Officials of Baqubah’s general hospital said seven people died in the blast and they treated seven others who were wounded, including a 12-year-old boy. Six other wounded people were taken to another hospital.
The mortar fell on the Al Burtuqala square, an area in the centre of the town filled with shops and cafes.
US troops around Baqubah have come under frequent mortar attack, particularly near the airport, four kilometres from the town that houses an American command post for the region.
HOTEL BOMBED: A bomb at a hotel in central Baghdad housing crews of the US television network NBC killed a maintenance worker on Thursday in what police called the first such attack aimed at foreign journalists here.
An NBC soundman was slightly wounded by the explosive device placed next to a generator on the sidewalk outside the Aike hotel. Witnesses said another person was injured, but officials did not confirm this.
The blast was the third deadly bomb attack in Baghdad this week.
“We are going to continue to see this terrorist activity over the course of the coming weeks and months,” Lt Gen Ricardo Sanchez, commander of US ground forces in Iraq, told reporters.
In further unrest on Thursday, eight US soldiers were wounded, three seriously, when their convoy was ambushed with bombs and small-arms fire in the northern city of Mosul.
The soldiers were injured when their patrol was hit on a main road in front of the local telecommunications centre, a US military spokesman said.

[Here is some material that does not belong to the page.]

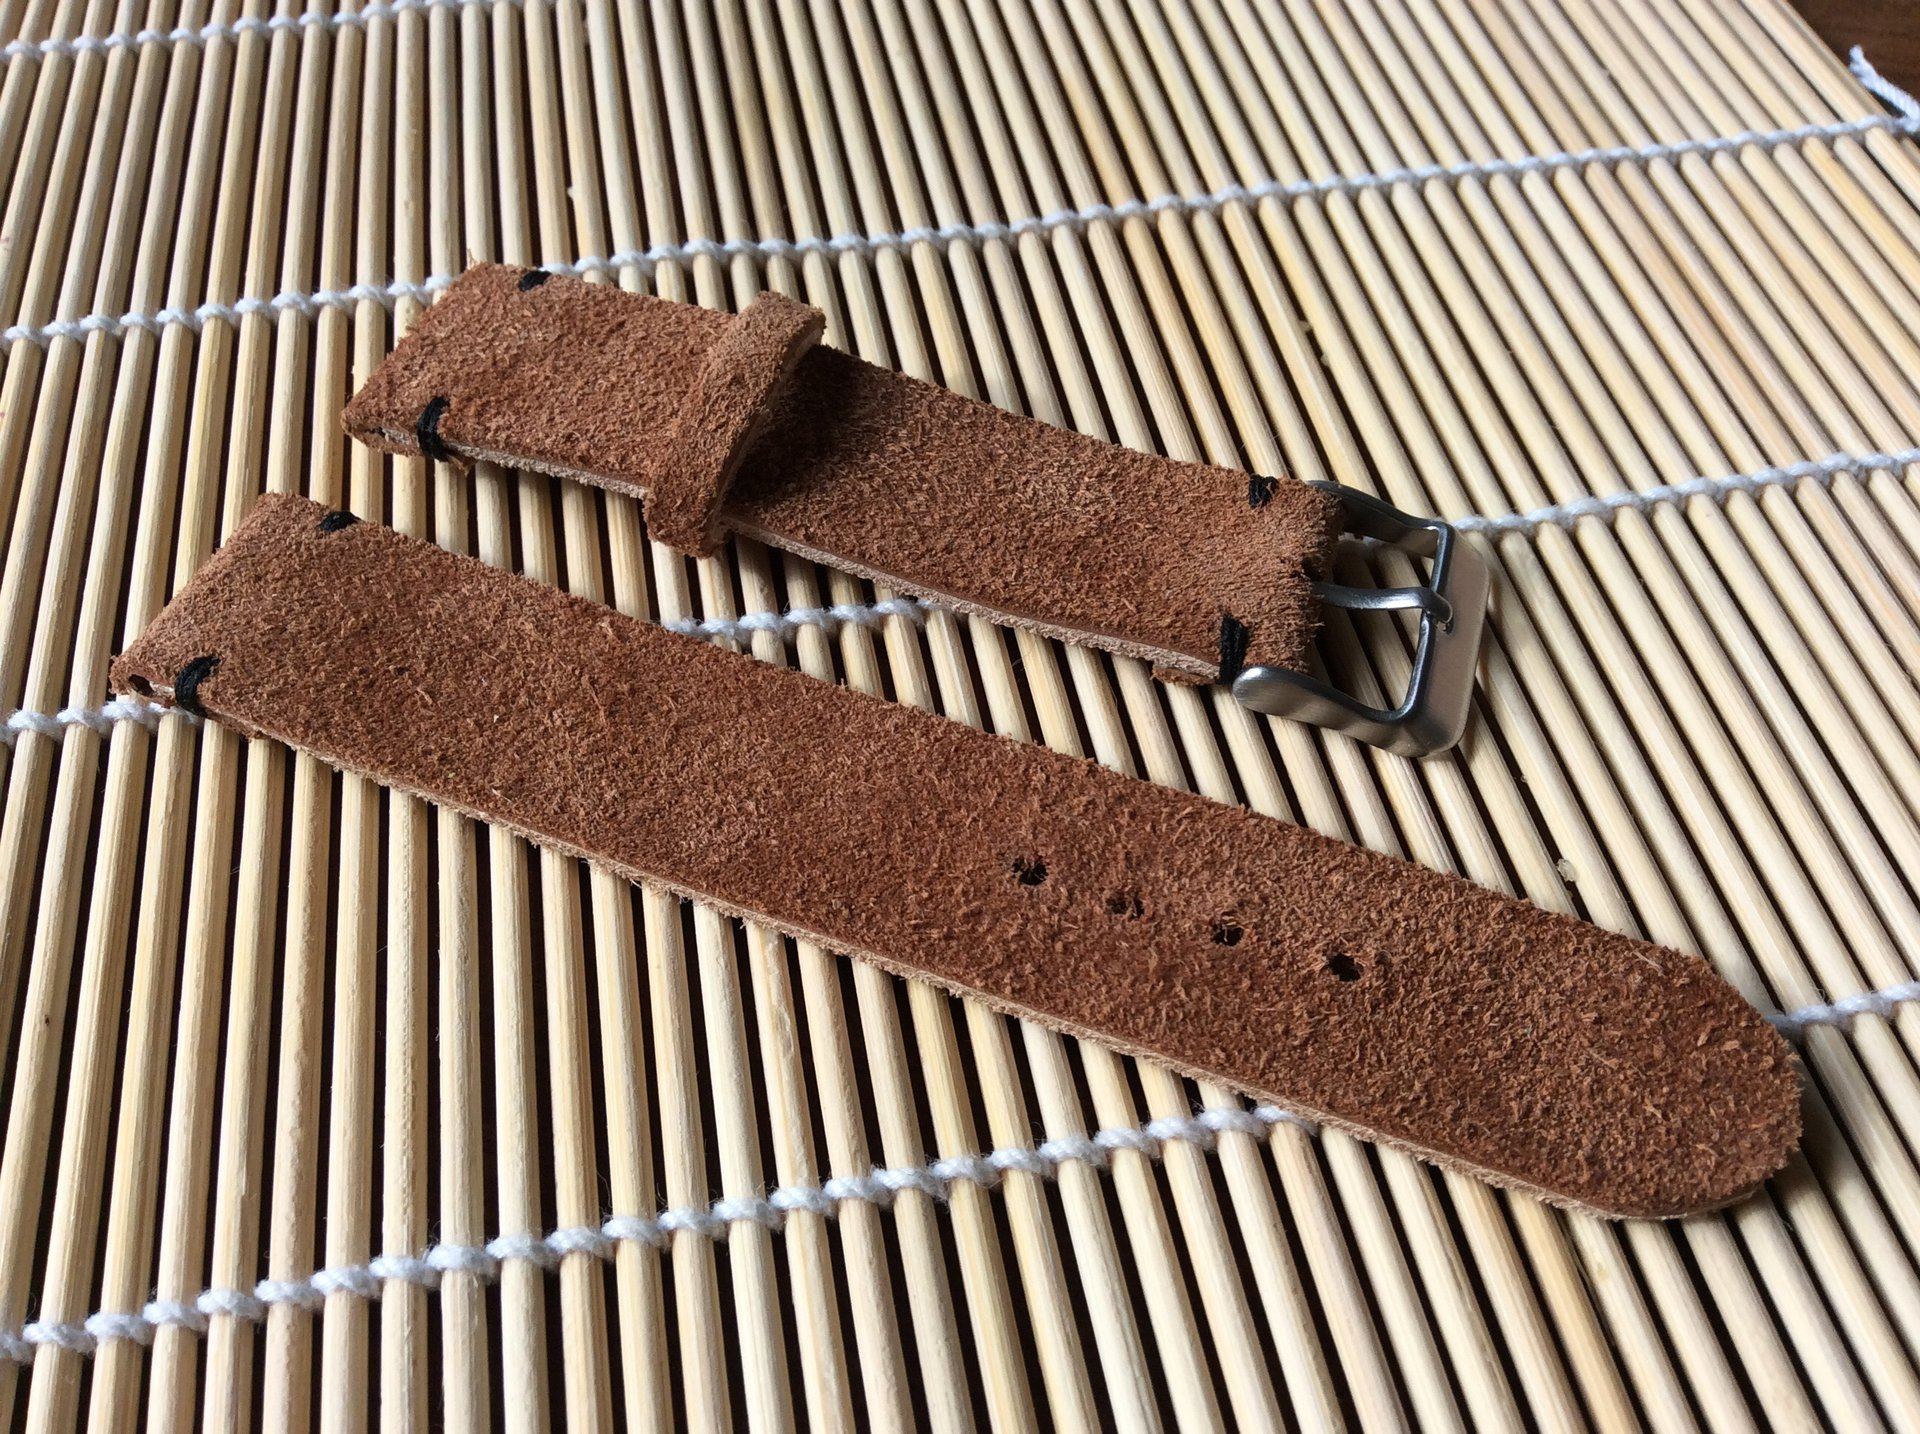 verkauf wildleder uhrenarmband 20 mm cognac braun uhrforum. Black Bedroom Furniture Sets. Home Design Ideas

Major Trey Cate of the 101st Airborne Division said a military vehicle was destroyed and another damaged in the attack.
The Baghdad bomb killed a Somali maintenance man who worked at the three-storey hotel located on the corner of Al Hindi street, one of the main thoroughfares in central Baghdad, said police official Karim Mariush.
David Moodie, the injured NBC employee, said his first floor room was directly above the generator.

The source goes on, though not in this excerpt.